A role for the actin cytoskeleton in the initiation and maintenance of store-mediated calcium entry in human platelets - Evidence for conformational coupling

The nature of the mechanism underlying store-mediated Ca2+ entry has been investigated in human platelets through a combination of cytoskeletal modifications, Inhibition of actin polymerization by cytochalasin D or latrunculin A had a biphasic time-dependent effect on Ca2+ entry, showing an initial potentiation followed by inhibition of Ca2+ entry.

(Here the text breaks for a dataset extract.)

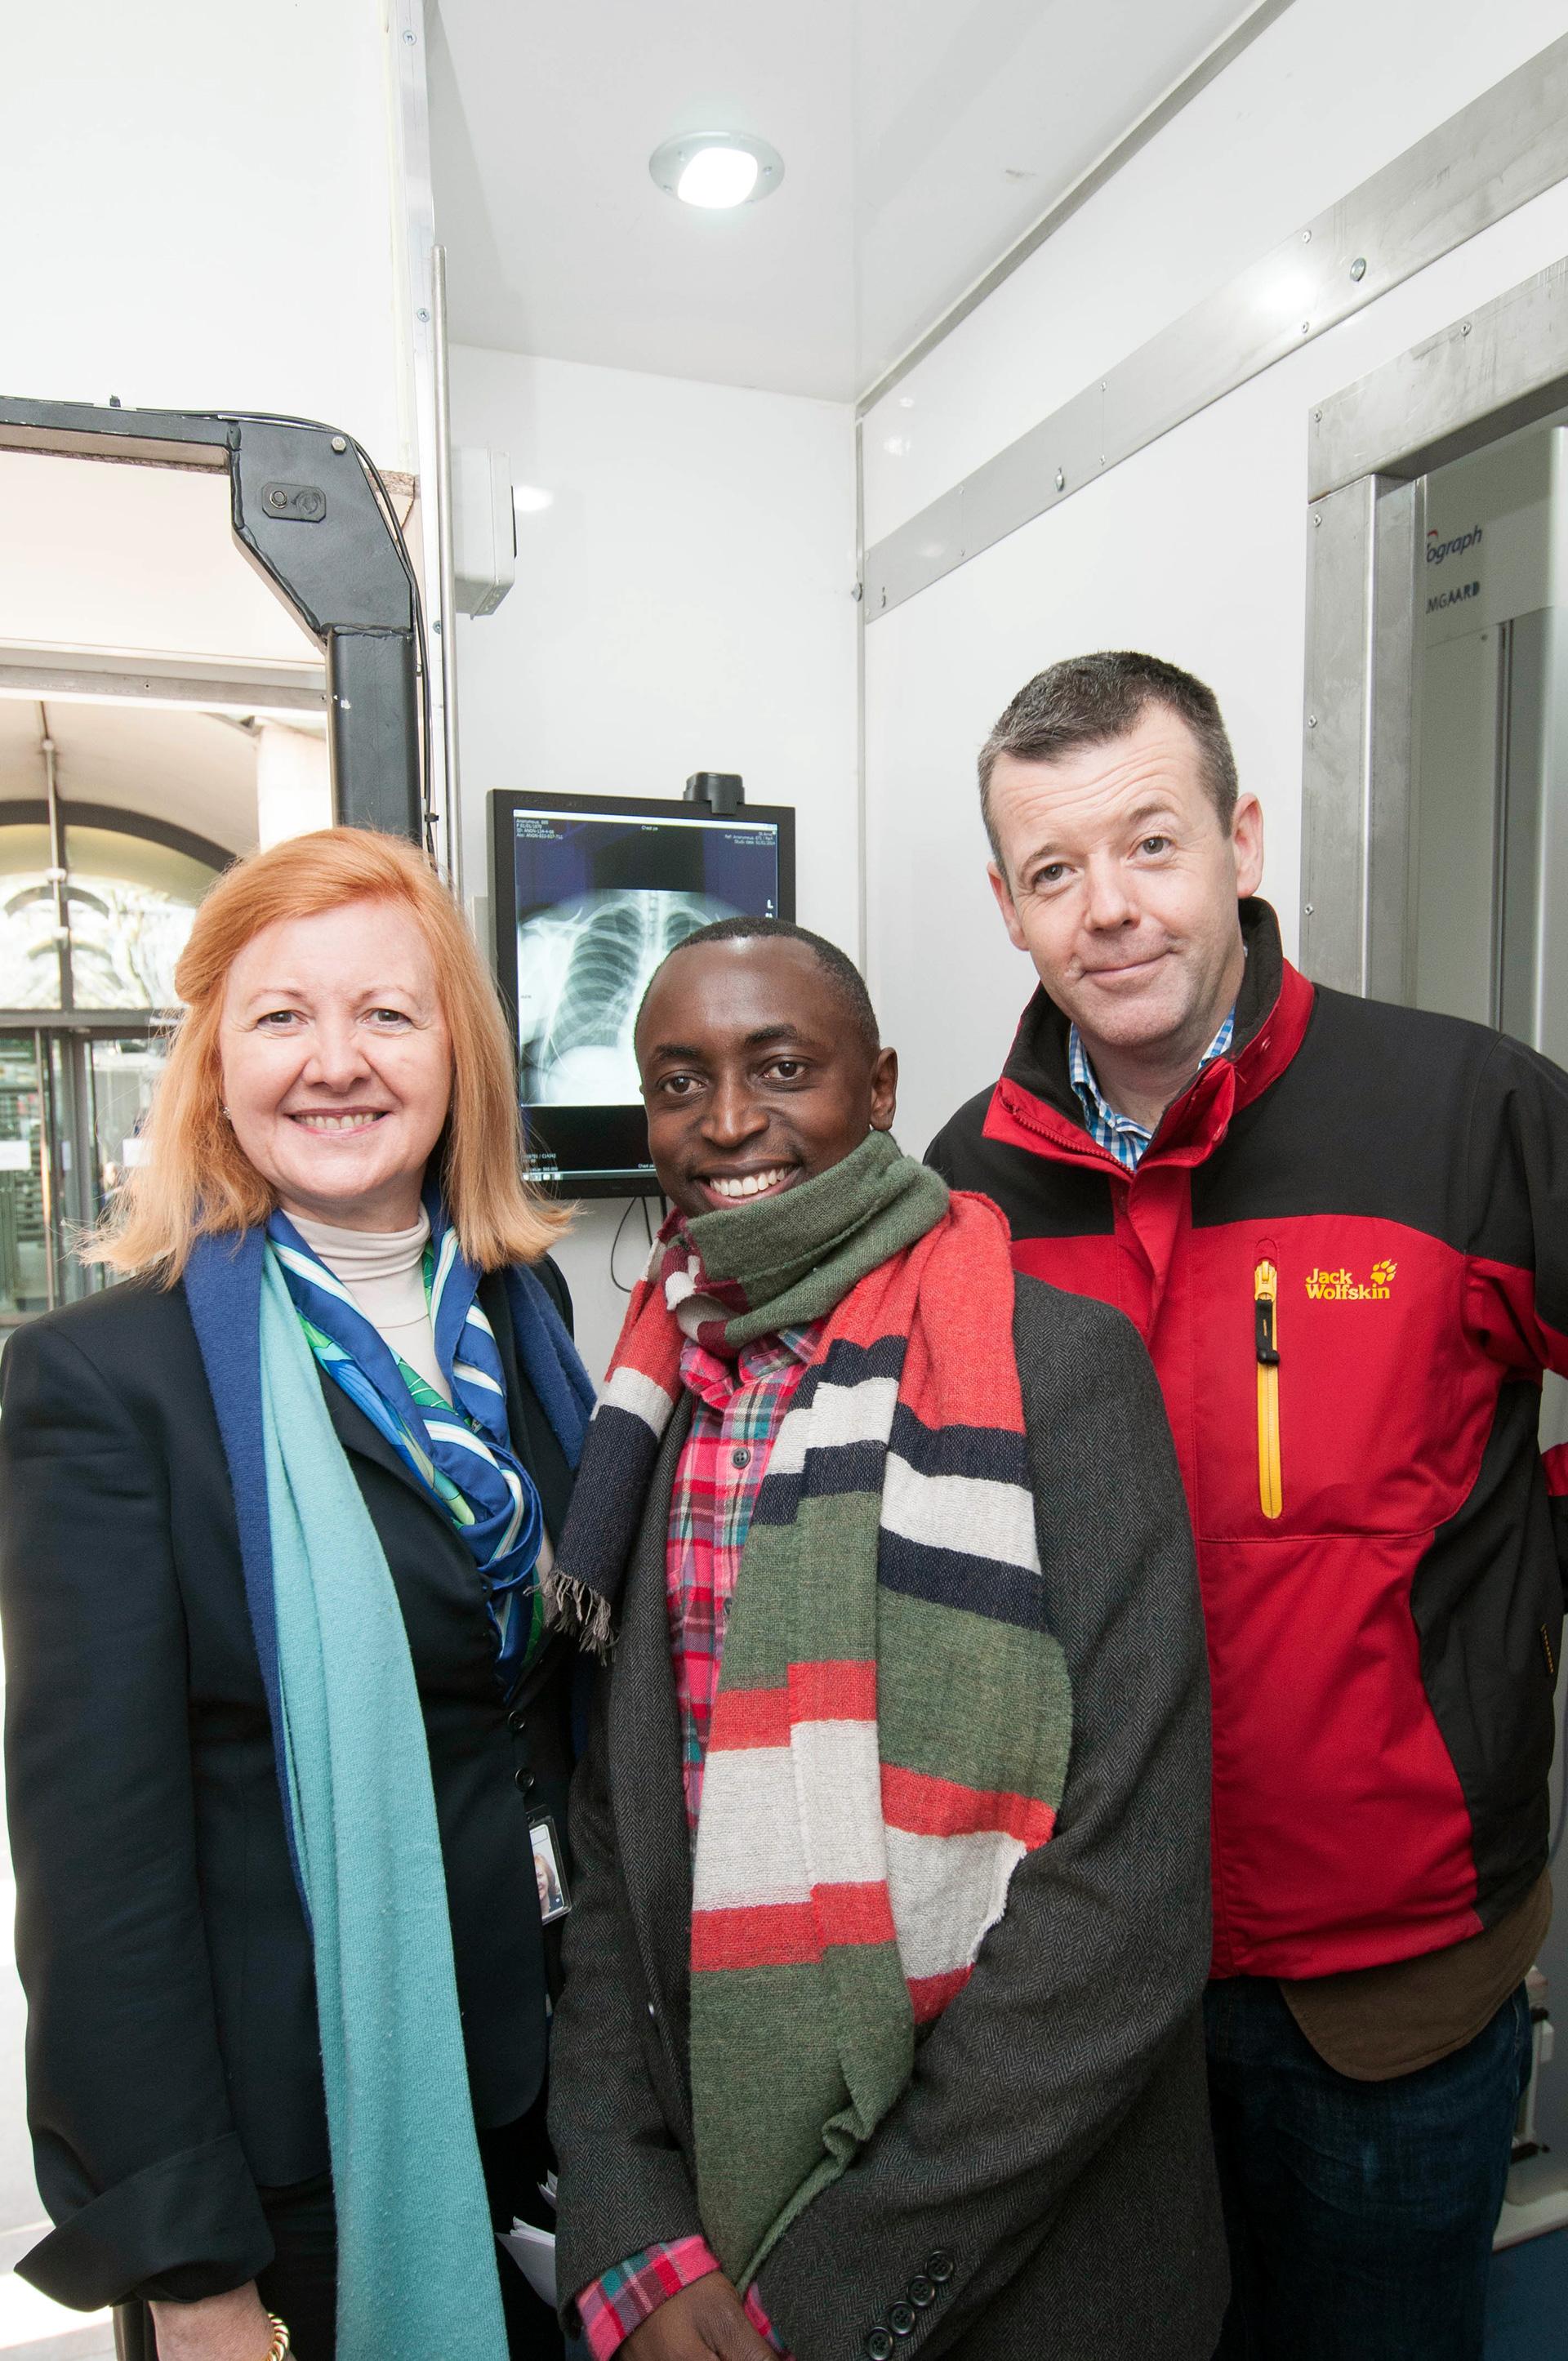 UCLH-TB-bus-initiative-launch-at-Portcullis-House-007_Adam-Scott

Moreover, addition of these agents after induction of store-mediated Ca2+ Entry inhibited the Ca2+ influx mechanism. Jasplakinolide, which reorganizes actin filaments into a tight cortical layer adjacent to the plasma membrane, prevented activation of store-mediated Ca2+ entry but did not modify this process after its activation. In addition, jasplakinolide prevented cytochalasin D-induced inhibition of store-mediated Ca2+ entry. Calyculin A, an inhibitor of protein serine/threonine phosphatases 1 and 2 which activates translocation of existing F-actin to the cell periphery without inducing actin polymerization, also prevented activation of store-mediated Ca2+ entry. Finally, inhibition of vesicular transport with brefeldin A inhibited activation of store-mediated Ca2+ entry but did not alter this mechanism once initiated. These data suggest that store-mediated Ca2+ entry in platelets may be mediated by a reversible trafficking and coupling of the endoplasmic reticulum with the plasma membrane, which shows close parallels to the events mediating secretion.